#### Work order
Any picture in the material should be left out, while all other lines are copied exactly.

#### Data provided
- - - -

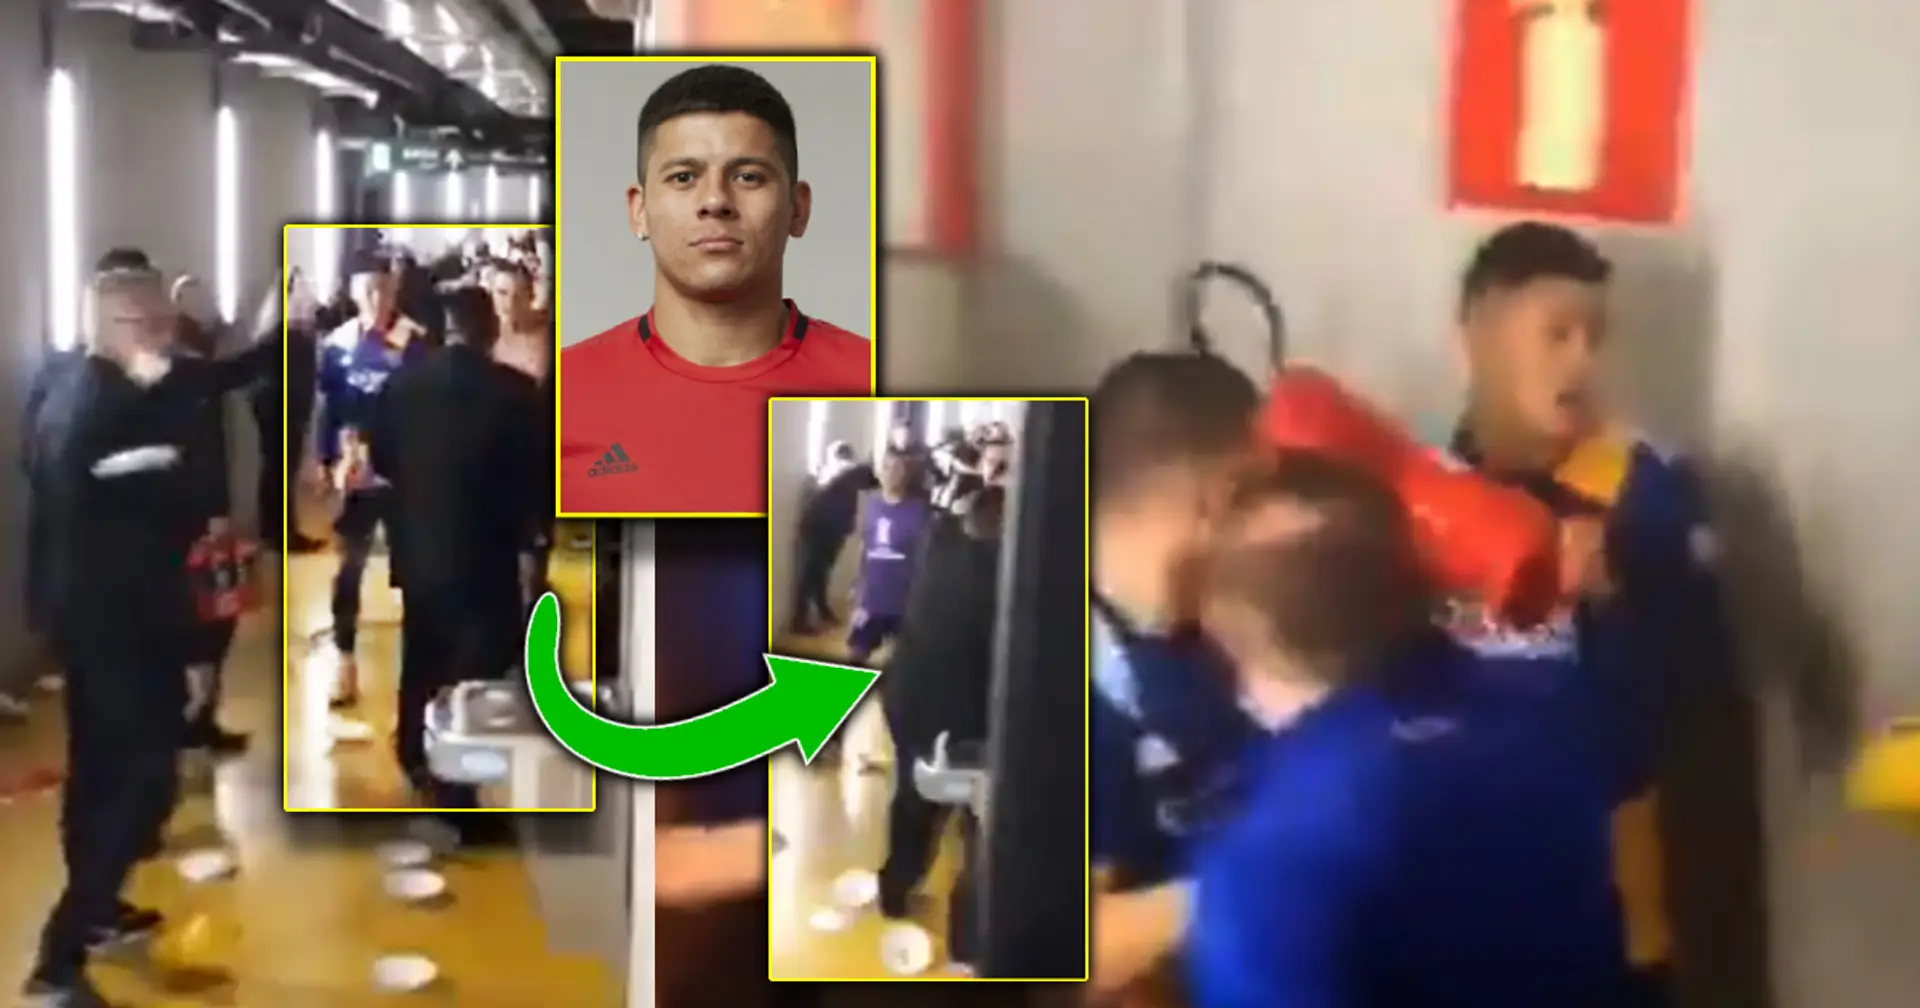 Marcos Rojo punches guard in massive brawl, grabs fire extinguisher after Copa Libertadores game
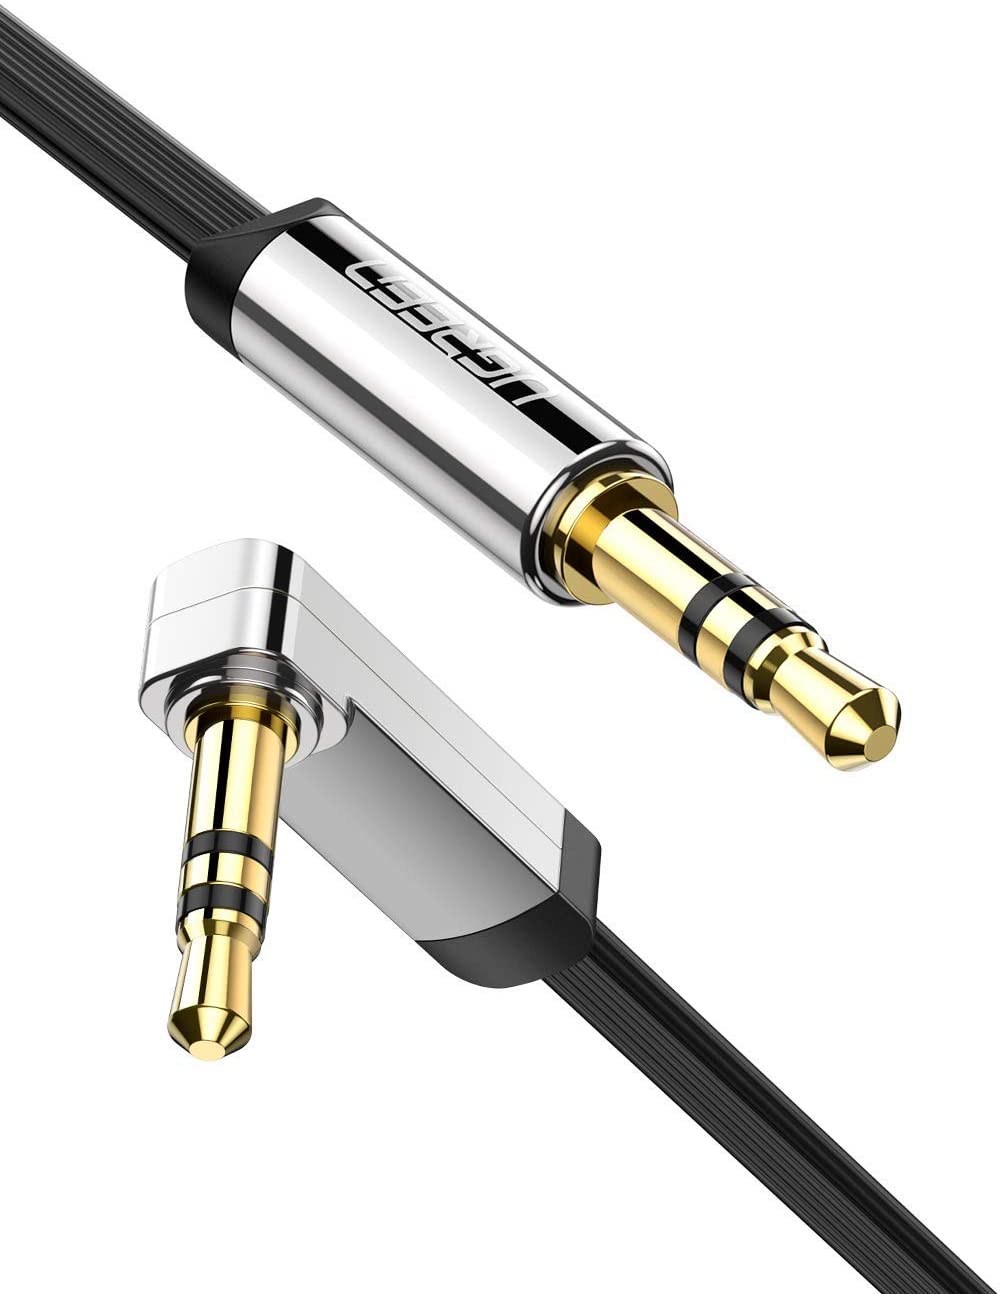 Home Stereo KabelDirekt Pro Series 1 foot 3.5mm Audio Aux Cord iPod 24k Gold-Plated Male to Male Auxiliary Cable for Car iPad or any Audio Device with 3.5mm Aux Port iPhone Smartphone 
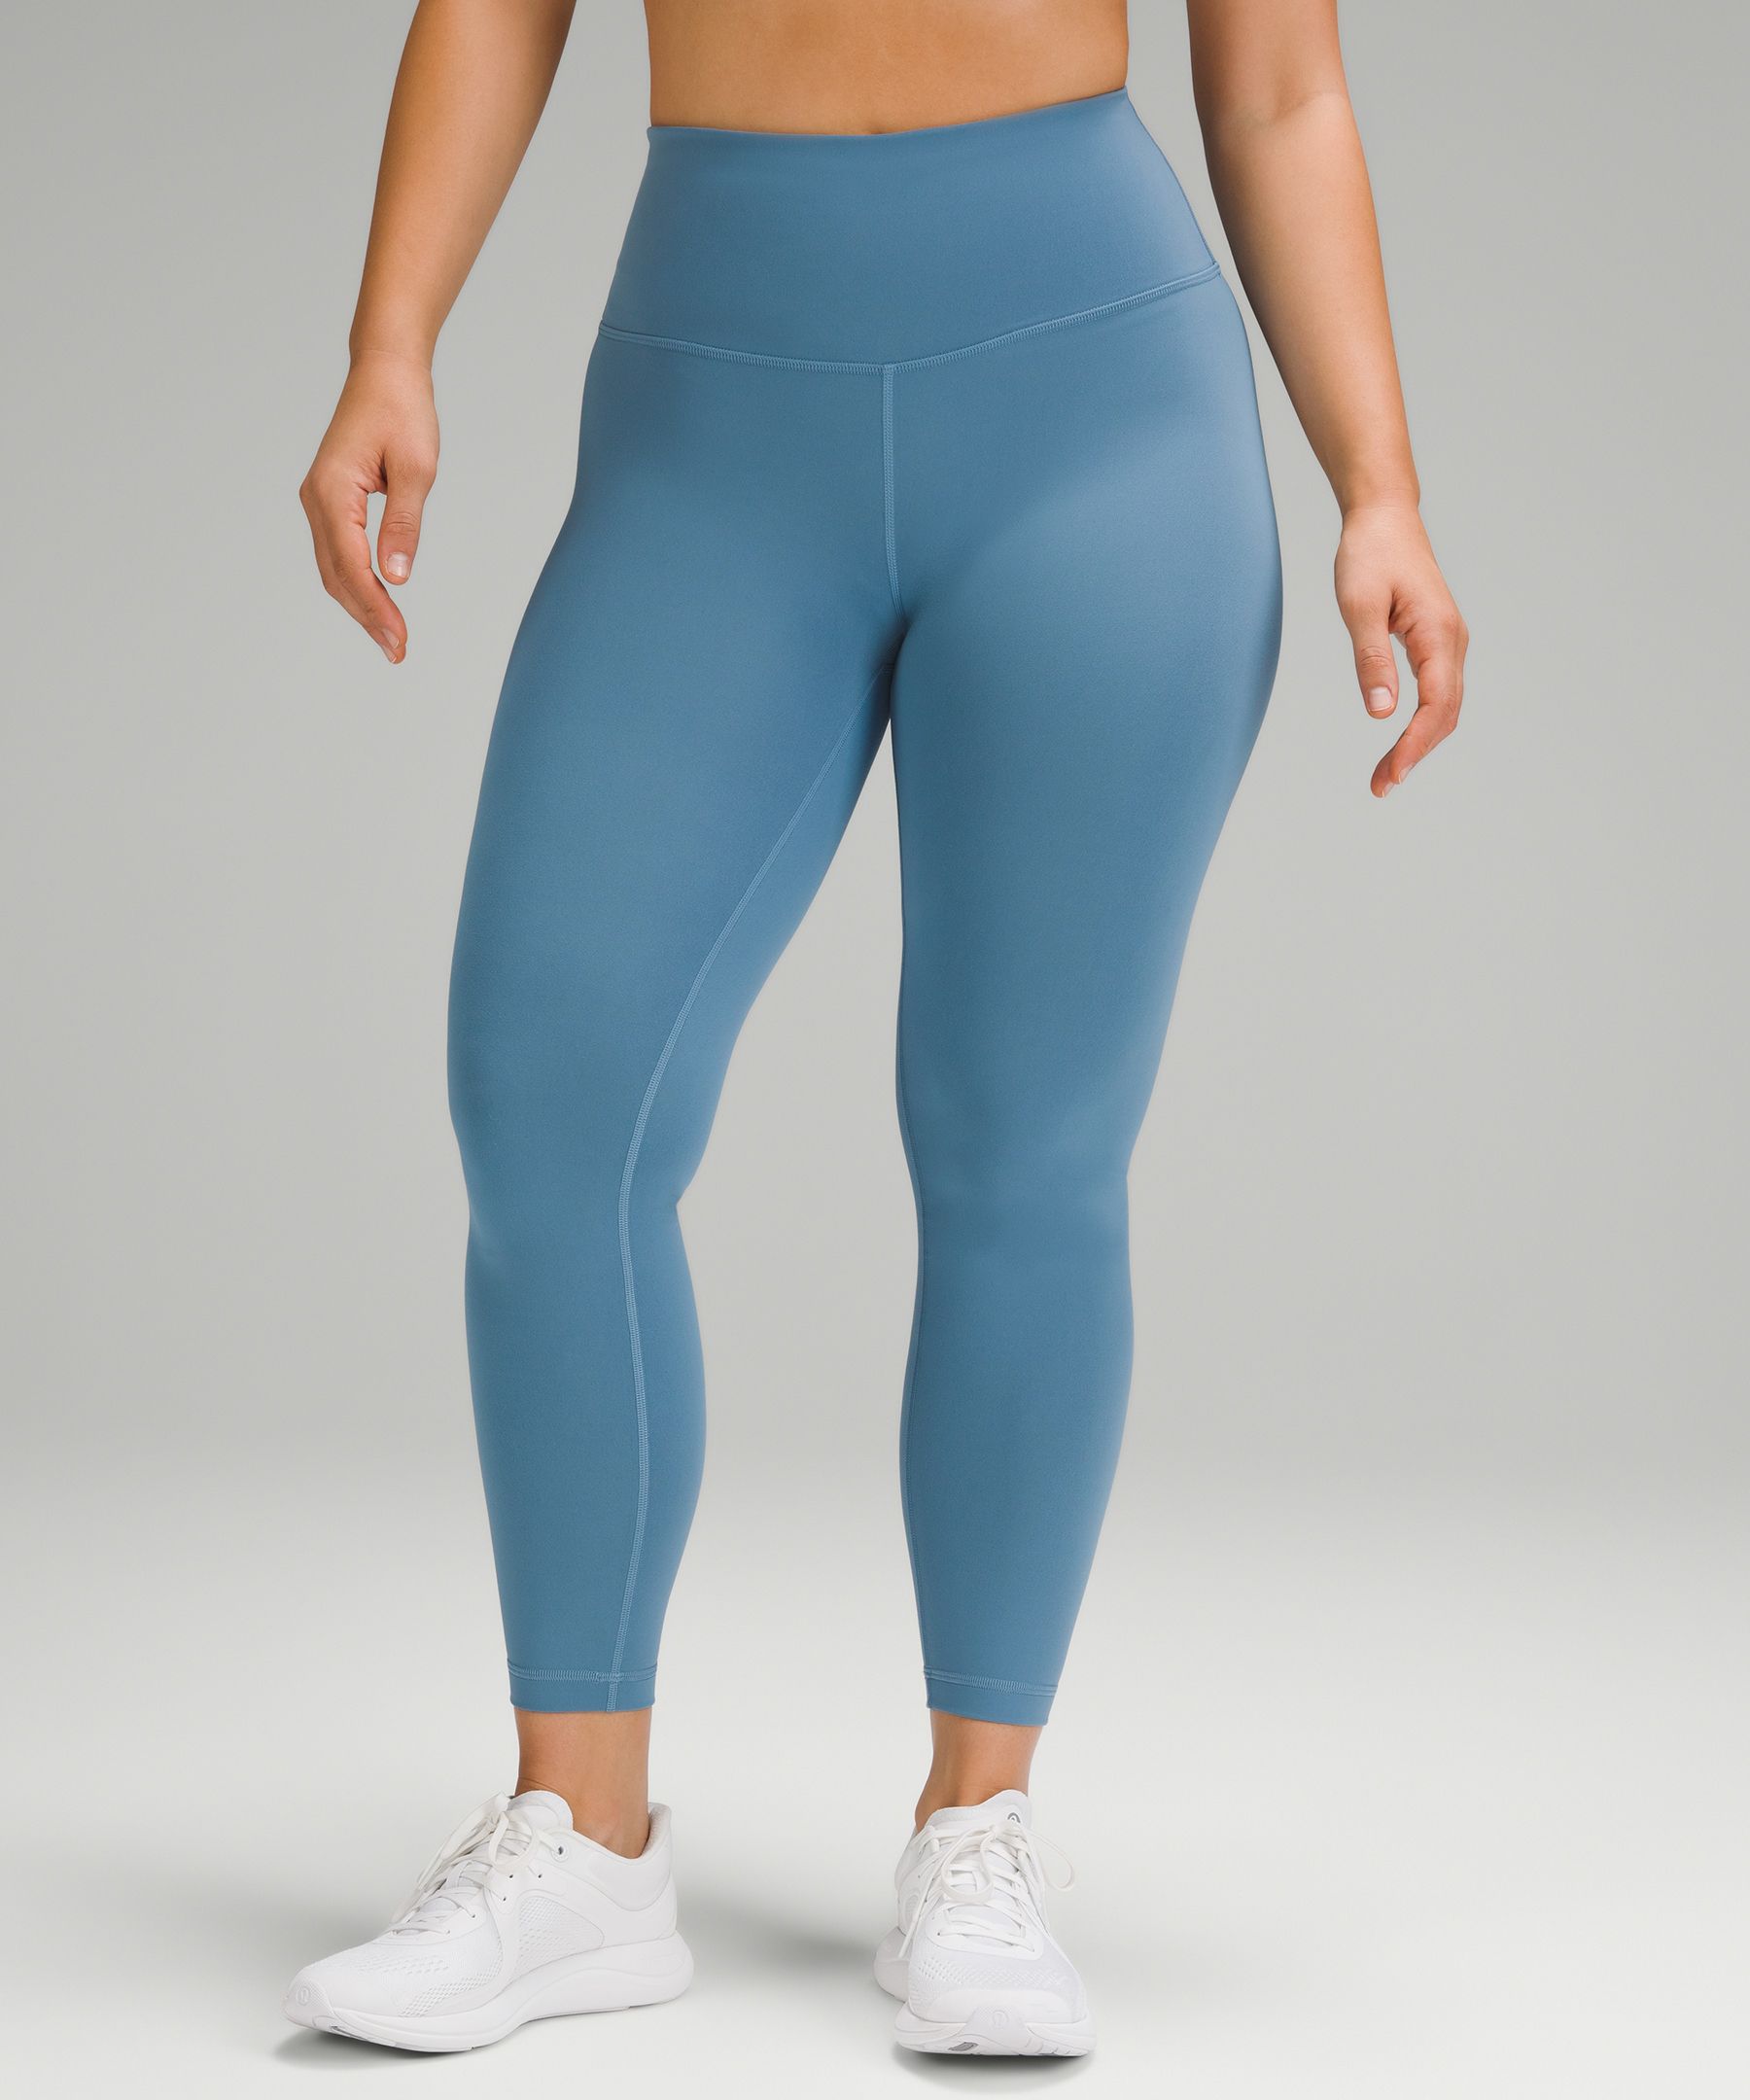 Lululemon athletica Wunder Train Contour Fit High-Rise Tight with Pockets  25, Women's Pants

- - - -

#### Your solution
 Marcos Rojo punches guard in massive brawl, grabs fire extinguisher after Copa Libertadores game
 Home Stereo KabelDirekt Pro Series 1 foot 3.5mm Audio Aux Cord iPod 24k Gold-Plated Male to Male Auxiliary Cable for Car iPad or any Audio Device with 3.5mm Aux Port iPhone Smartphone 
 Lululemon athletica Wunder Train Contour Fit High-Rise Tight with Pockets  25, Women's Pants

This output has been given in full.